ASSIGNED TASK:
In the listing below, a line holding "Versace F/W 2005" and a line holding "Look 36 aus der Fall 2005 Collection'S." mark the range. Retype both exactly, with all lines between them.

DATA EXTRACT:
◆ ◆ ◆ ◆ ◆ ◆ ◆

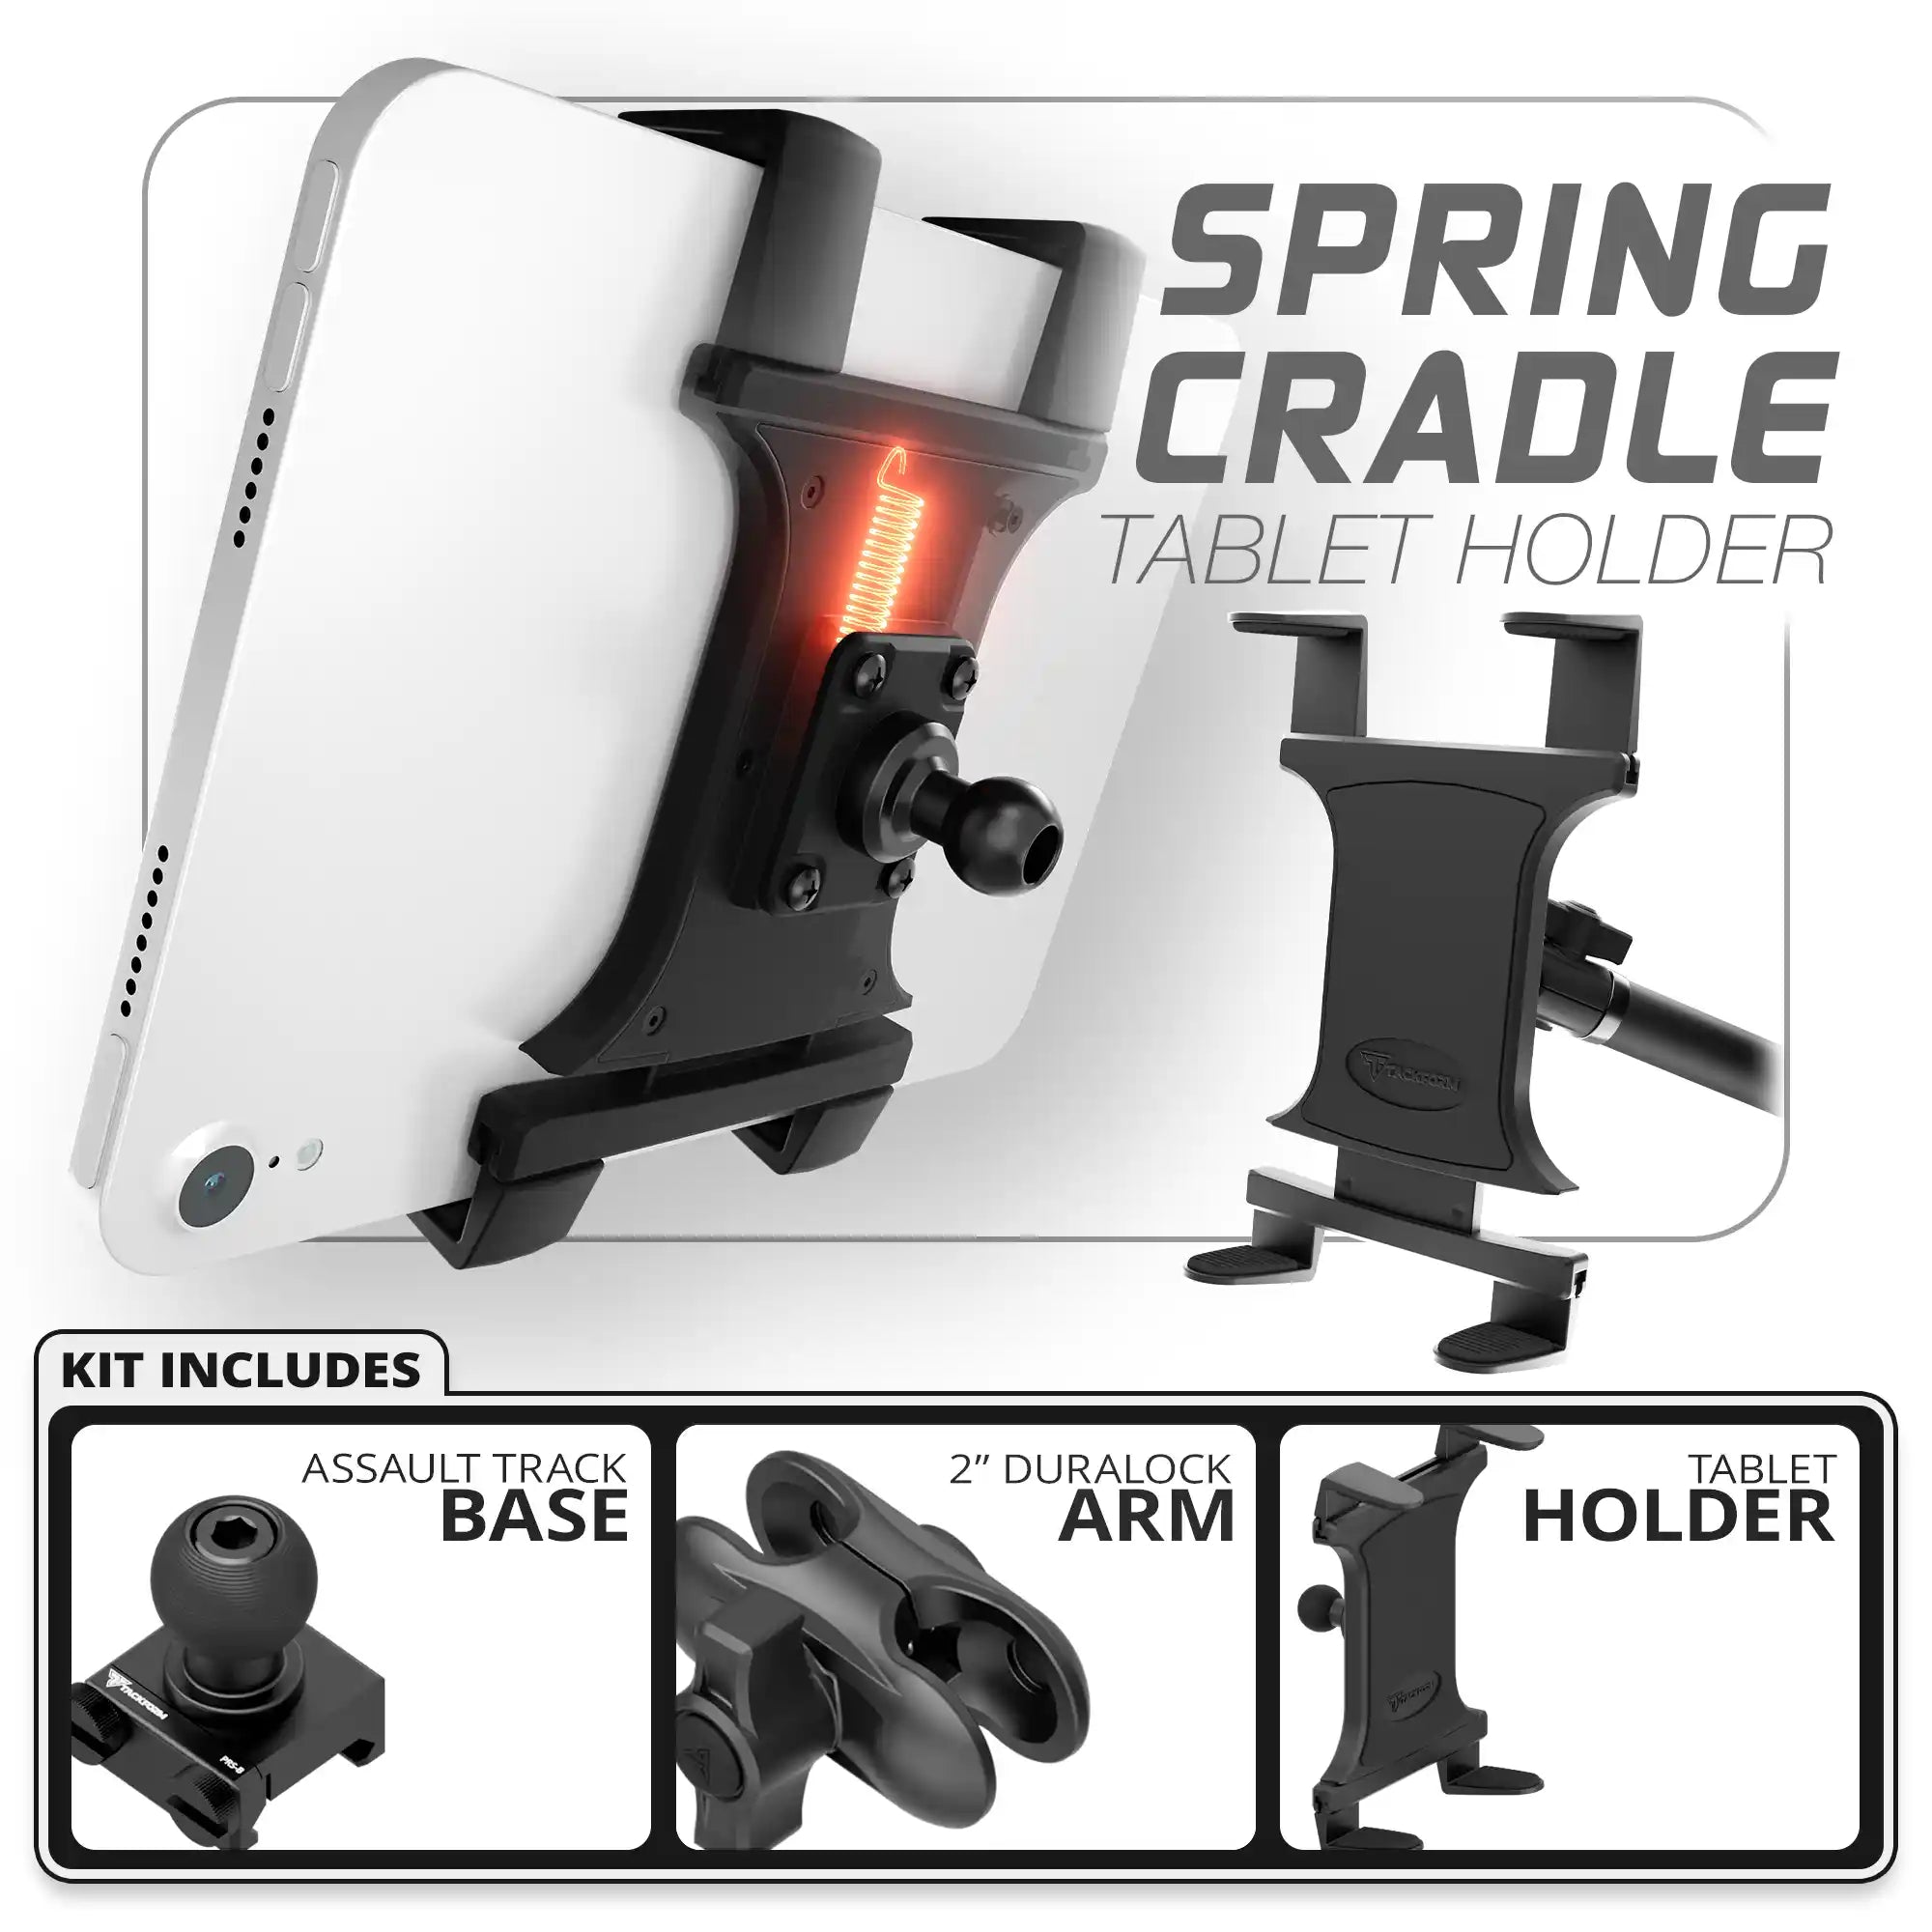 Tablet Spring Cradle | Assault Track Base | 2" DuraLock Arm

◆ ◆ ◆ ◆ ◆ ◆ ◆

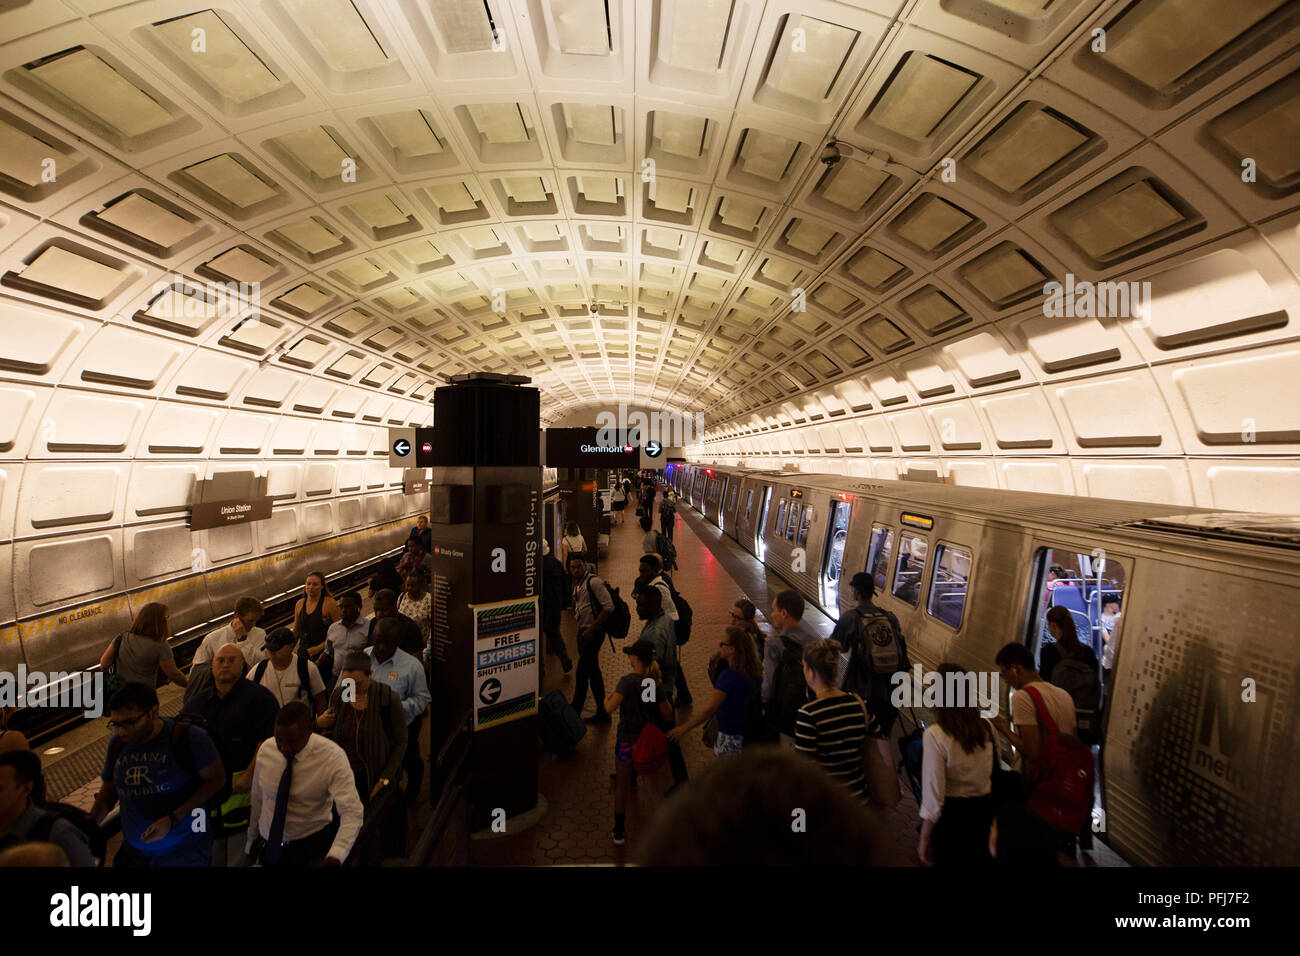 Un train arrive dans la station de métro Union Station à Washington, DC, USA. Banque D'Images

◆ ◆ ◆ ◆ ◆ ◆ ◆

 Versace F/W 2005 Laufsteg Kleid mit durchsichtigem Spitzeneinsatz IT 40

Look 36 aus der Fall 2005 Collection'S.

◆ ◆ ◆ ◆ ◆ ◆ ◆

ANSWER TO THIS PROBLEM:
 Versace F/W 2005 Laufsteg Kleid mit durchsichtigem Spitzeneinsatz IT 40

Look 36 aus der Fall 2005 Collection'S.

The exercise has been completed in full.